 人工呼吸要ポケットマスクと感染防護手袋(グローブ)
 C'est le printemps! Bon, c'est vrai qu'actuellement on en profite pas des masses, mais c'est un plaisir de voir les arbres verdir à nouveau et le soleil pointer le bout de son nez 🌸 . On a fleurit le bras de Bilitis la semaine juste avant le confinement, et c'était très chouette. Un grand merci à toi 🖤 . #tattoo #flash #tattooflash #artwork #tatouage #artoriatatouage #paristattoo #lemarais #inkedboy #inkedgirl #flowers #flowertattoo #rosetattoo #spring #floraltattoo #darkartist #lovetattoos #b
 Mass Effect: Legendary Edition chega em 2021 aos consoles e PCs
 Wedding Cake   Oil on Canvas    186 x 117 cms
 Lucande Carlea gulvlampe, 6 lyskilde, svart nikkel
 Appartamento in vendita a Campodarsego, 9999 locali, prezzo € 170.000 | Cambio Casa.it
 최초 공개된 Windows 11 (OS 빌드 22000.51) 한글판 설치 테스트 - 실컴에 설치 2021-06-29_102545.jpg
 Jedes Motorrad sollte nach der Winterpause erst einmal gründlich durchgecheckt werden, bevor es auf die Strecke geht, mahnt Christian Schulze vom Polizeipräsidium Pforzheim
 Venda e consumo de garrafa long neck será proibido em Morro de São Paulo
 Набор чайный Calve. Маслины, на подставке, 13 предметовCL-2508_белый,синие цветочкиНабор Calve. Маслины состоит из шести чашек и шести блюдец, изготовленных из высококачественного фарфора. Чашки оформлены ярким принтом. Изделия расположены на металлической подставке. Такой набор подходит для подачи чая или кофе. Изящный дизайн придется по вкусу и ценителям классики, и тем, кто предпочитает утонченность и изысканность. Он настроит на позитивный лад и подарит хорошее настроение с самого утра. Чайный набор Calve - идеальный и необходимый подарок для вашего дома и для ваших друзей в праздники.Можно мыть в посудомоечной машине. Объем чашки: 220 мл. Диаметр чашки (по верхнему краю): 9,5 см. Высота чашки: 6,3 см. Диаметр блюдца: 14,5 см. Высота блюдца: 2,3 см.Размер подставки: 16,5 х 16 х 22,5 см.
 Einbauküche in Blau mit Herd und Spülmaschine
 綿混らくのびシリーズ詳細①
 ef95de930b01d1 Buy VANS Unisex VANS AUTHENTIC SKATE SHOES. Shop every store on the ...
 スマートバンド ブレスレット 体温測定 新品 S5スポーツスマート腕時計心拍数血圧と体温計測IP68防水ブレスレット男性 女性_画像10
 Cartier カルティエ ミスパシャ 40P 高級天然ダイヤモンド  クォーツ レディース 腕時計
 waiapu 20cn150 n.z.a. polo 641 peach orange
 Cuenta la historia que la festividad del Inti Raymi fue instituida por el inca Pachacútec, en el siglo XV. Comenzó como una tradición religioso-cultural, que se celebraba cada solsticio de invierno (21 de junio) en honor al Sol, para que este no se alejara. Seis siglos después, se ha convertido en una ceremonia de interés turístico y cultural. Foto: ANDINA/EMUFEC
════════════════
> **EXERCISE**:
What is needed is the data above, output in full and exactly as it stands.

> **RESULT**:
 人工呼吸要ポケットマスクと感染防護手袋(グローブ)
 C'est le printemps! Bon, c'est vrai qu'actuellement on en profite pas des masses, mais c'est un plaisir de voir les arbres verdir à nouveau et le soleil pointer le bout de son nez 🌸 . On a fleurit le bras de Bilitis la semaine juste avant le confinement, et c'était très chouette. Un grand merci à toi 🖤 . #tattoo #flash #tattooflash #artwork #tatouage #artoriatatouage #paristattoo #lemarais #inkedboy #inkedgirl #flowers #flowertattoo #rosetattoo #spring #floraltattoo #darkartist #lovetattoos #b
 Mass Effect: Legendary Edition chega em 2021 aos consoles e PCs
 Wedding Cake   Oil on Canvas    186 x 117 cms
 Lucande Carlea gulvlampe, 6 lyskilde, svart nikkel
 Appartamento in vendita a Campodarsego, 9999 locali, prezzo € 170.000 | Cambio Casa.it
 최초 공개된 Windows 11 (OS 빌드 22000.51) 한글판 설치 테스트 - 실컴에 설치 2021-06-29_102545.jpg
 Jedes Motorrad sollte nach der Winterpause erst einmal gründlich durchgecheckt werden, bevor es auf die Strecke geht, mahnt Christian Schulze vom Polizeipräsidium Pforzheim
 Venda e consumo de garrafa long neck será proibido em Morro de São Paulo
 Набор чайный Calve. Маслины, на подставке, 13 предметовCL-2508_белый,синие цветочкиНабор Calve. Маслины состоит из шести чашек и шести блюдец, изготовленных из высококачественного фарфора. Чашки оформлены ярким принтом. Изделия расположены на металлической подставке. Такой набор подходит для подачи чая или кофе. Изящный дизайн придется по вкусу и ценителям классики, и тем, кто предпочитает утонченность и изысканность. Он настроит на позитивный лад и подарит хорошее настроение с самого утра. Чайный набор Calve - идеальный и необходимый подарок для вашего дома и для ваших друзей в праздники.Можно мыть в посудомоечной машине. Объем чашки: 220 мл. Диаметр чашки (по верхнему краю): 9,5 см. Высота чашки: 6,3 см. Диаметр блюдца: 14,5 см. Высота блюдца: 2,3 см.Размер подставки: 16,5 х 16 х 22,5 см.
 Einbauküche in Blau mit Herd und Spülmaschine
 綿混らくのびシリーズ詳細①
 ef95de930b01d1 Buy VANS Unisex VANS AUTHENTIC SKATE SHOES. Shop every store on the ...
 スマートバンド ブレスレット 体温測定 新品 S5スポーツスマート腕時計心拍数血圧と体温計測IP68防水ブレスレット男性 女性_画像10
 Cartier カルティエ ミスパシャ 40P 高級天然ダイヤモンド  クォーツ レディース 腕時計
 waiapu 20cn150 n.z.a. polo 641 peach orange
 Cuenta la historia que la festividad del Inti Raymi fue instituida por el inca Pachacútec, en el siglo XV. Comenzó como una tradición religioso-cultural, que se celebraba cada solsticio de invierno (21 de junio) en honor al Sol, para que este no se alejara. Seis siglos después, se ha convertido en una ceremonia de interés turístico y cultural. Foto: ANDINA/EMUFEC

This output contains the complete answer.